Evaluation of MetICA on lower resolution

Evaluation of MetICA on lower resolution metabolomic data
Although not described in the main text, the algorithm MetICA was tested on several
metabolic profiling datasets generated from TOF-MS (Synapt HDMS ao-Q-TOF, Waters,
Milford, MA) coupled to the ACQUITIY UPLC system (Waters, Milford, MA). The TOFMS was less sensitive and less accurate than FT-ICR-MS. As an example, same samples (45
wines fermented by 15 yeast strains) were analyzed on LC-TOF-MS in (-)ESI mode. The
dataset generated contained 11548 LC-MS features. Each LC-MS feature was a pair of
retention time (RT) and m/z. The test dataset 'Yeast-Experimental-LC-MS.dat' can be found at
https://github.com/daniellyz/MetICA.
MetICA was applied on the raw dataset by keeping 90% of total variance, thus 27 independent
components were extracted from each FastICA run.
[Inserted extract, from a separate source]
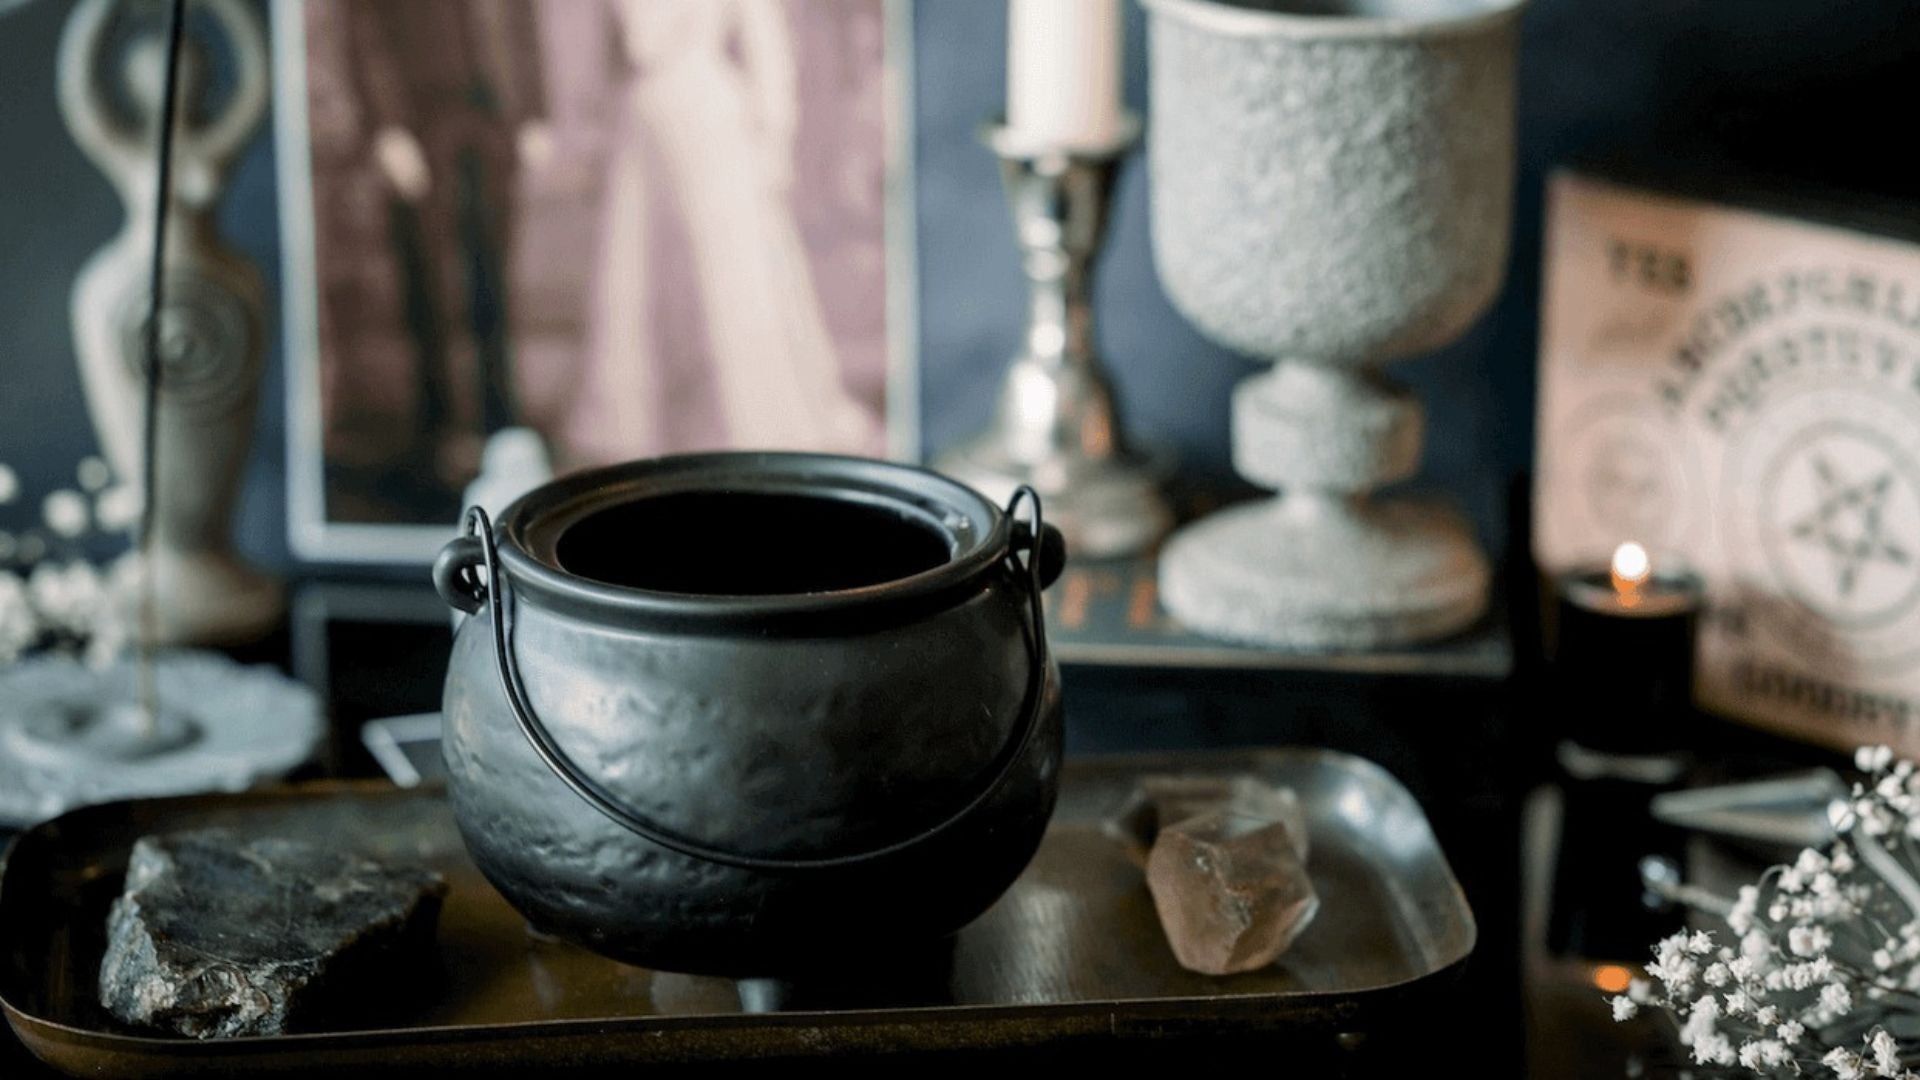 A collection of witchy accessories: a small cauldron, crystals, and candles

From 400 FastICA runs, 400 * 27 =
10800 estimated sources were clustered using CCA algorithm. Based on the distribution of
estimated sources, we have chosen 13 partitions to generate compact and well-separated
clusters (Figure A). The centrotypes of these clusters, or MetICA components, were evaluated
by comparing to 50 bootstrapped data in 100 MetICA runs. The bootstrapping score H has
explicitly ranked the MetICA components according to their statistical reliability (Figure B).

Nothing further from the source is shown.